The changing perspective of economic relationships in the South Asian arena call for an active Indian initiative in promoting regional cooperation.  India must develop industrial and economic collaboration with the South East Asian countries.  India and Japan must strive for a basic understanding of mutual objectives of economic development of Asia and it is not merely in relation to commercial policy on a cash balance basis but rather in respect of industrial collaboration on a long term basis that the two can fulfil their respective roles in Asia.  The security interests of Japan deserve sympathetic interest from India and India should seek to understand the efforts made by Japan to put its relations with the Soviet Union and the United States on the firm basis of national dignity and integrity.  The resurgence of Buddhism in Japan as evidenced by the Soka Gakkai movement and other social developments merits careful study by India.

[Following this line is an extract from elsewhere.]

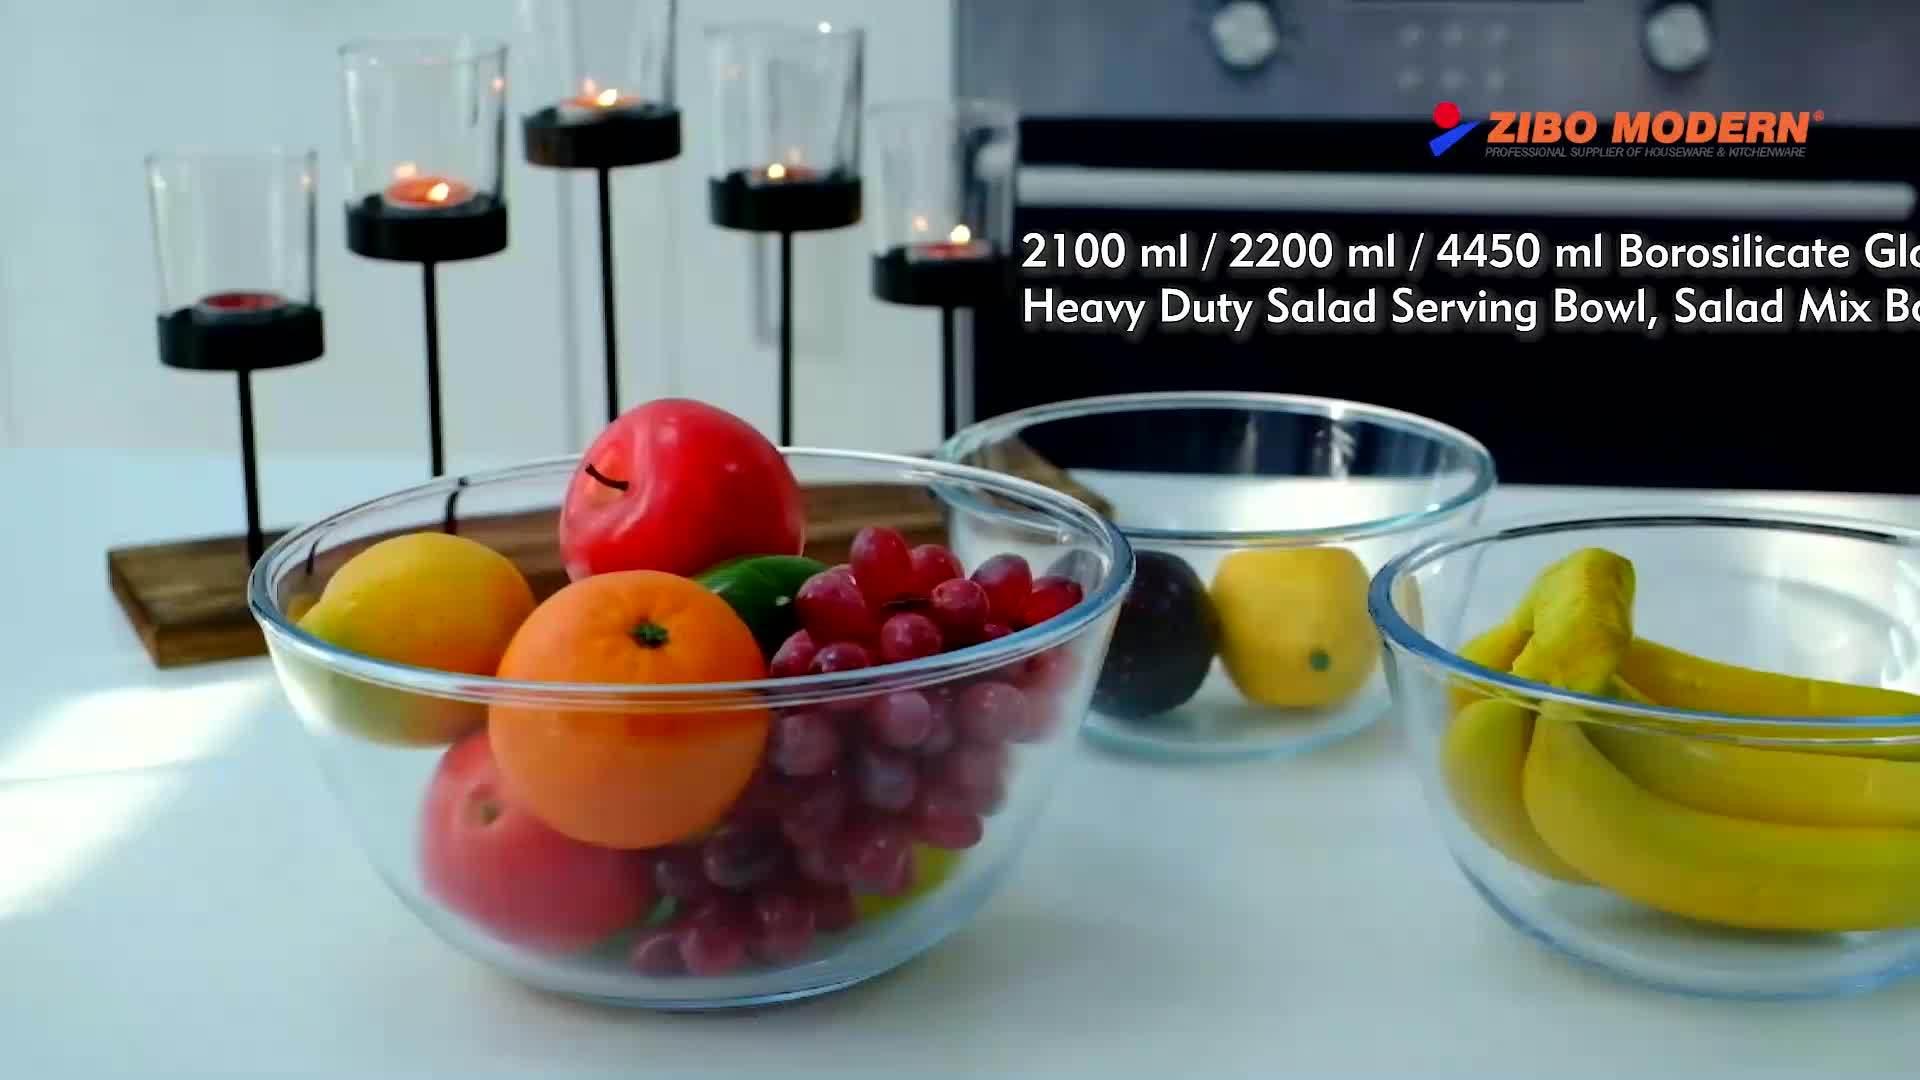 2100 мл / 2200 мл / 4450 мл боросиликатного стекла Салат для тяжелого режима работы в чаше, салат смешайте чаша

India’s relations with Nepal can increase many-fold in the spheres of culture, science and technology and the common heritage of the two countries must find expression in promoting a high sense of responsibility in political and social intercourse in terms of the Perennial Philosophy, the Sanatana Dharma, which can help both to evolve a cooperative approach towards solving urgent international problems.

There is a proliferation of arguments regarding India’s attitude towards Nuclear choices.  A correct appreciation of national interests requires that India should not be restrained in its advance in nuclear research.  The Non-proliferation Treaty is an attempt to sanctify the existence of Five Nuclear Powers by placing permanent technological barriers on Indian research.  This is clearly unacceptable to the people of India. The so-called guarantees are of theoretical value and in practice would place Indian defence in serious jeopardy.

The development of a nuclear deterrent by India, keeping in view the remarkable political stability our country has shown in its adherence to a constitutional system, will enhance global management of nuclear power and also help India to take a meaningful part in Disarmament discussions.  As a responsible world power India can ill afford to be subjected to nuclear blackmail and therefore in solving its security problems must take into account likely future developments such as the anti-ballistic missile system.  The current governmental attitude on non-proliferation is therefore at best a one-sided approach to the arms control and disarmament problem and at worst a callous disregard of our strategic and security problems.  The Bharatiya Jana Sangh is totally opposed to any arrangement by which India is asked to sign away its right to produce nuclear weapons. It supports an Indian role for fostering international collaboration in peaceful uses of nuclear energy but not at the cost of undermining national self-confidence.